Les socialistes semblent toujours convaincus que pour faire baisser le chômage il suffit de partager le travail. C’était déjà ce qu’avait cru naïvement Léon Blum en instaurant les 40 heures, en 1936, et le chômage avait aussitôt explosé. Hollande et ses amis de la rue Solferino continuent à croire que les 35 heures et la retraite à 60 ans ont permis de créer des emplois. Ils ignorent sans doute que nous avons plus de 4,5 millions de chômeurs. Ils ne veulent toujours pas reconnaitre une loi évidente de l’économie : moins on travaille et moins il y a de travail.
Re-fiscaliser les heures supplémentaires ne va pas créer des emplois. Les patrons, de plus en plus inquiets de l’avenir, continueront à recourir aux heures supplémentaires quand ils en auront besoin. Mais, en les payant davantage, ils vont évidemment perdre encore un peu de leur pauvre compétitivité. Et leurs salariés vont encore perdre un peu de leur pouvoir d’achat.

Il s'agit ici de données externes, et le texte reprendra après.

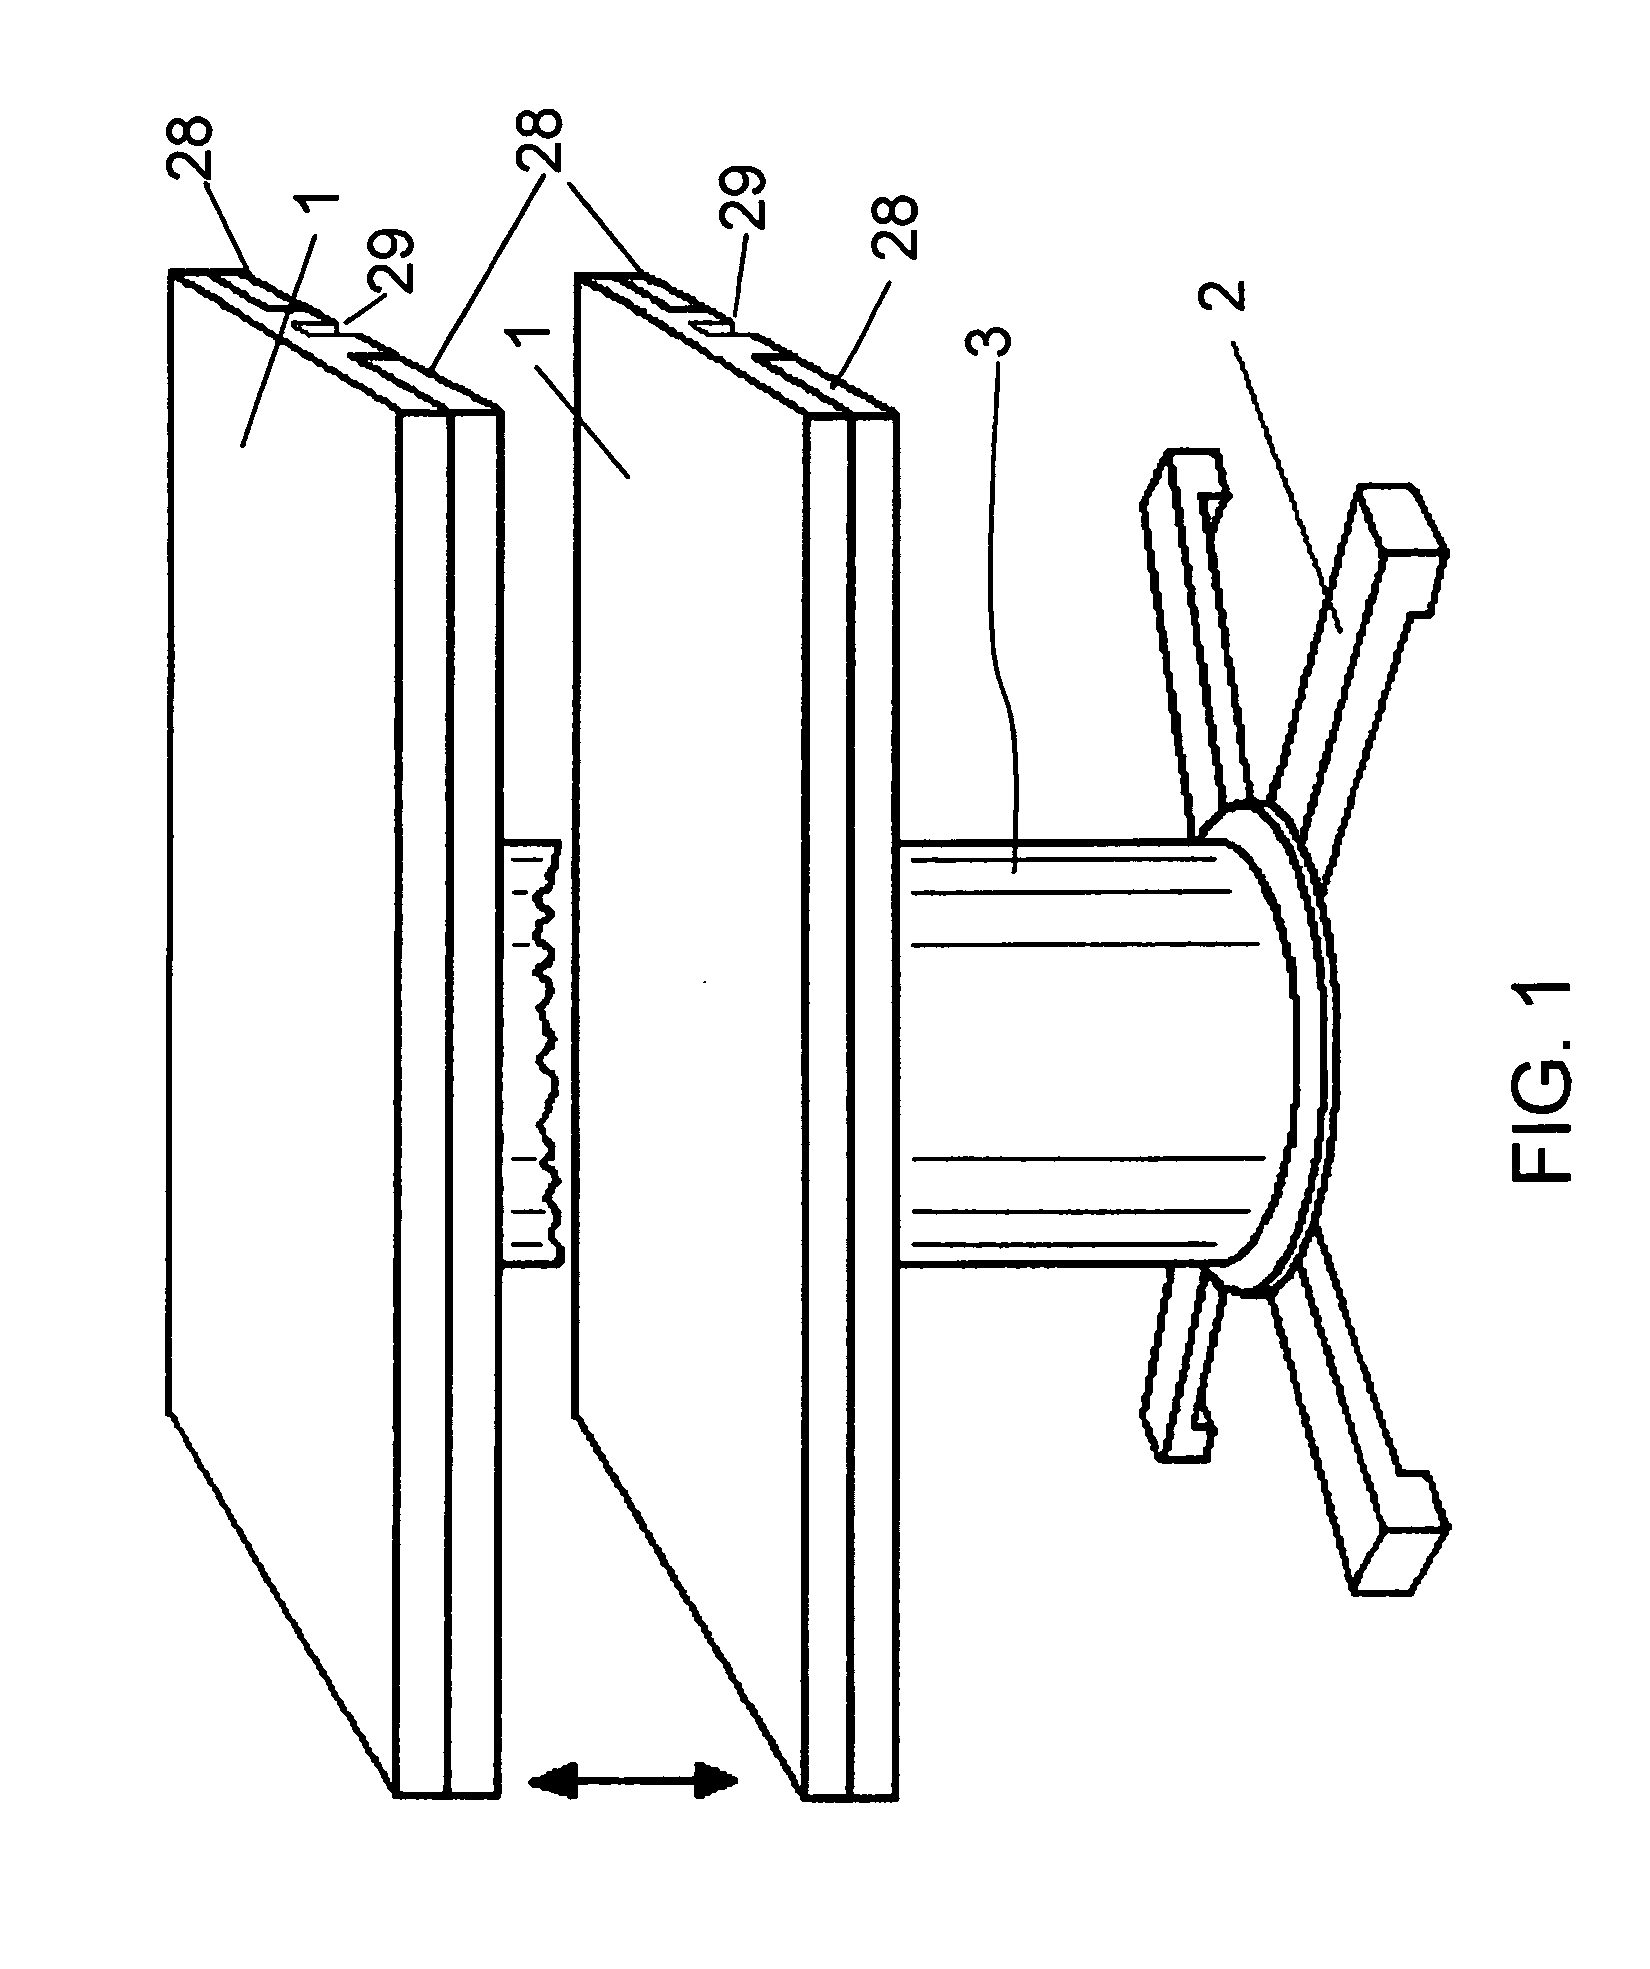 Pneumatic adjustable-height table

On dira que la défiscalisation de ces heures supplémentaires n’était qu’un pis-aller, une « astuce » pour essayer de faire gagner un peu plus aux plus défavorisés en les faisant travailler un peu plus. C’est vrai mais c’était déjà ça.
Hollande prône le « redressement productif » de la France. C’est une très bonne idée. Mais ce n’est pas en s’attaquant, par anti-sarkozisme primaire, aux quelques « niches » qui permettaient aux uns de produire un peu plus et aux autres de mettre un peu de beurre dans les épinards qu’on va redresser la production.
On attend une grande réforme de la fiscalité, une remise à plat du Code du Travail et du système de protection sociale, des mesures concrètes pour réveiller l’innovation. Hollande ne doit plus s’attaquer au sarkozisme, il doit s’attaquer au « mal français », c’est-à-dire, en fait, beaucoup plus à l’héritage de la gauche qu’à celui de la droite qui, depuis 50 ans, s’est bien souvent contentée d’entériner la politique de ses adversaires.
Personne n’ose le dire mais « le mal français » c’est un socialisme rampant depuis un demi-siècle, avec trop d’impôts, trop de lois, trop de fonctionnaires, l’assistanat généralisé et un Etat collectiviste et ventripotent. Ce qu’on espère de ce président socialiste ce n’est pas seulement « qu’il la joue simple, modeste et normale », mais qu’il libère la France de cette idéologie totalement passéiste qui l’a conduite à la ruine.
L’ennui, c’est que ce président qui se dit « normal » est tout de même socialiste. Ce qui n’est pas « normal » dans ce monde du XXIème siècle.